Ursula Piffaretti described the difficulties of people who had become dependent on social welfare through no fault of their own while the dogma of “no money without work” had been drummed into us for the last 100 years. Although the welfare state provided many blessings, they were no longer sufficient for the future. She responded to the objection that people were lazy by nature with a quote from Rudolf Steiner: “If we find our impulses from before birth we won’t have any lazy people any more either.” UBI enabled the individual to discover the tasks which he or she had brought with them in the form of creative potential and to realise them.

Enno Schmidt considered direct initiatives to be a good instrument for bringing new things into the world. Two basic objections kept being raised: “Who is going to bother working?” and “Who is going to pay for it all?” The path to the UBI – including the debate about democracy – was as important at the goal. In view of the more complex professional lives of people today, Schmidt pointed out that the UBI was something that went with the person and not the job.

The “Generation Basic Income” initiative, which started in Basel, has meanwhile spread to many other cantons. Activists reported about the excitement and fun of collecting signatures. The first question which many people asked was which party stood behind the campaign. They immediately became more interested when told that the initiative was not affiliated to any party. Many of those who displayed an interest in the idea felt that it already existed as a living spiritual reality. But at the moment it was still something to think about, not something that would suddenly become reality.

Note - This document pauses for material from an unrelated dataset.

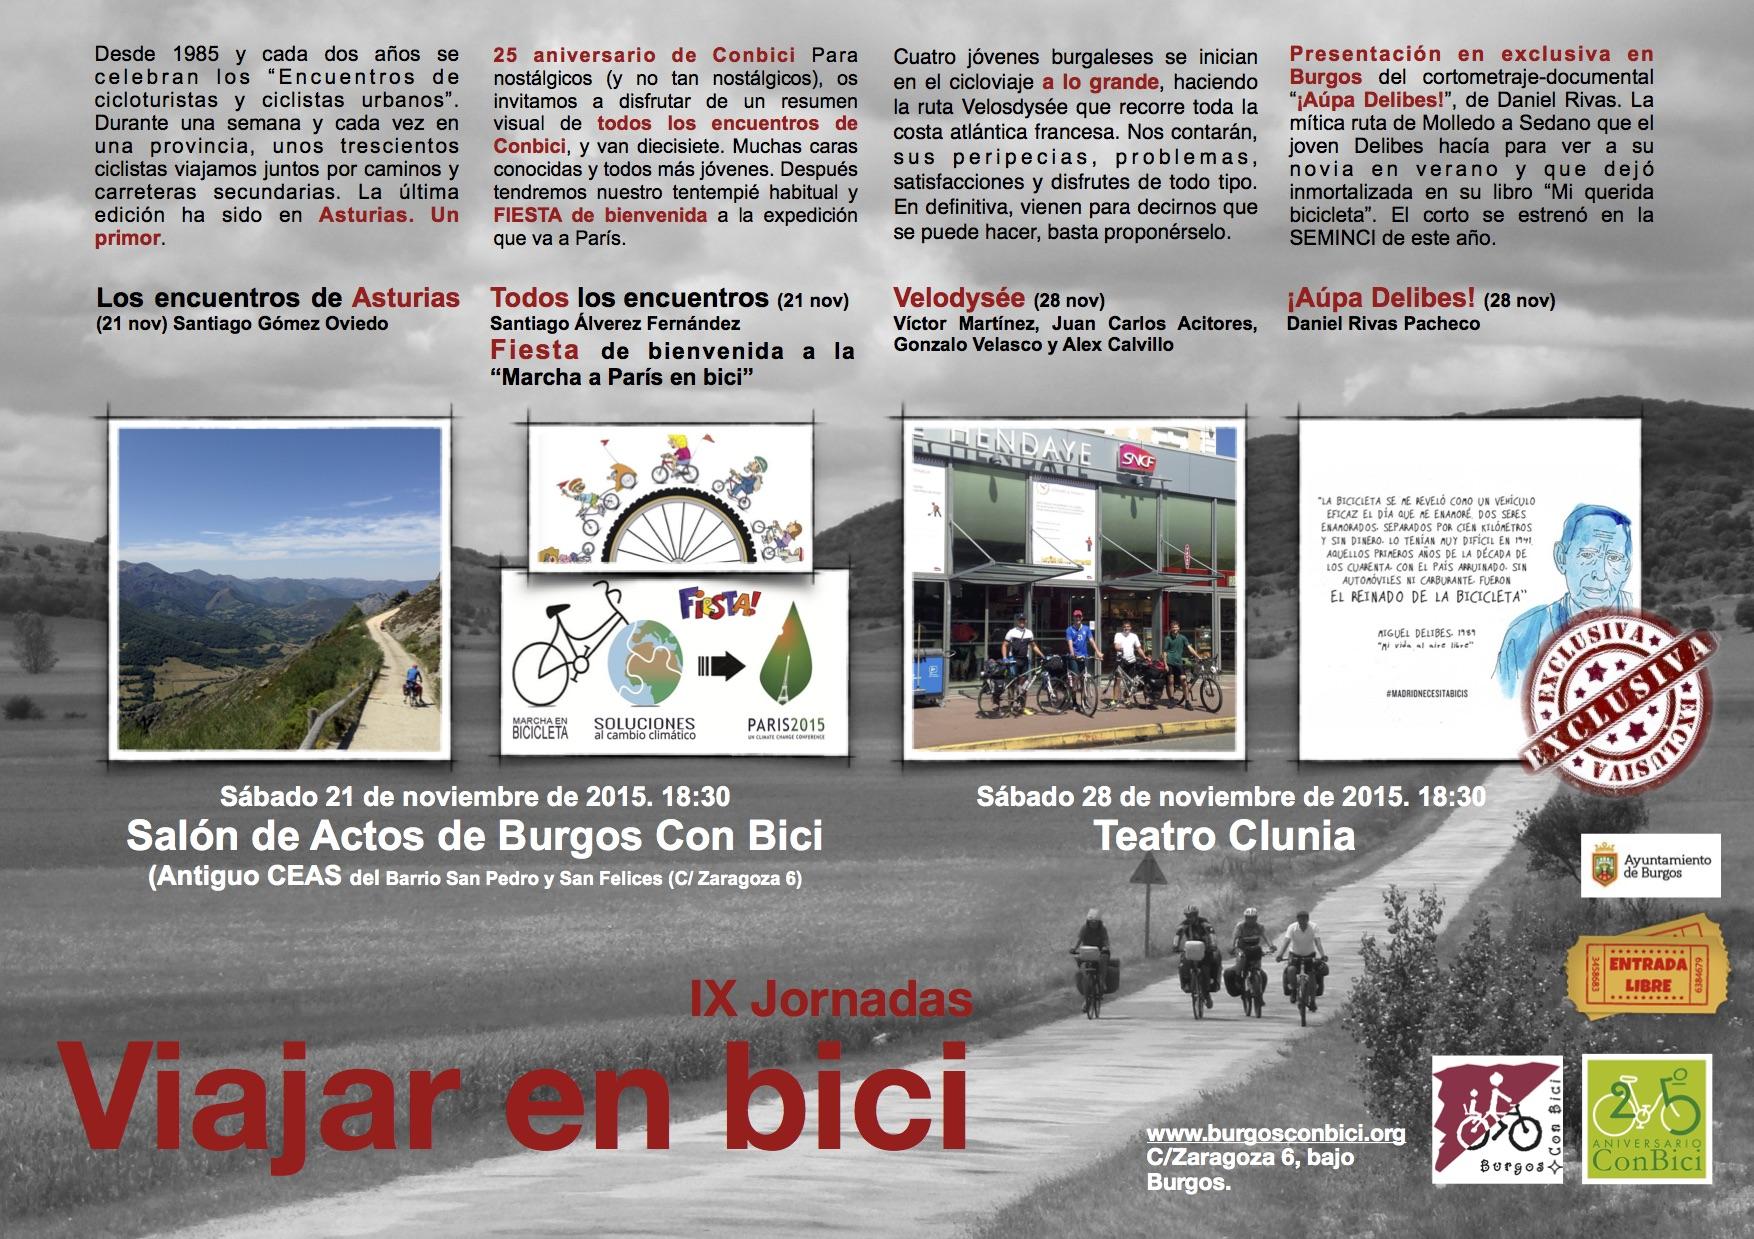 IX Jornadas Viajar en bici. Cartel... 2015

But the activists also reported that the pessimistic view that people would stop working without external pressure or state sanction was still very widespread. It required great power of persuasion to change such lifelong attitudes. As an illustration of the Swiss view of democracy, one activist told about a Swiss politician who had signed not because she supported a basic income but because she found the debate fascinating.

Enno Schmidt added that there was a dynamic in this project which did not originate in a centrally controlled idea but remained a living process. Anything centralistic had a devastating effect on cultural life because it provoked power struggles.

The entrepreneur and founder of the “dm” chain of pharmacies in Germany, Götz Werner, who has worked tirelessly for an unconditional basic income, asked: “If we have never been so rich as now, why do we still put up with so much poverty?” Switzerland, with its long tradition of democracy was predestined for an unconditional basic income. If it were realised here it would act as a model for the rest of Europe. What mattered now was to create the framework conditions which would unlock the potential which was contained in every person.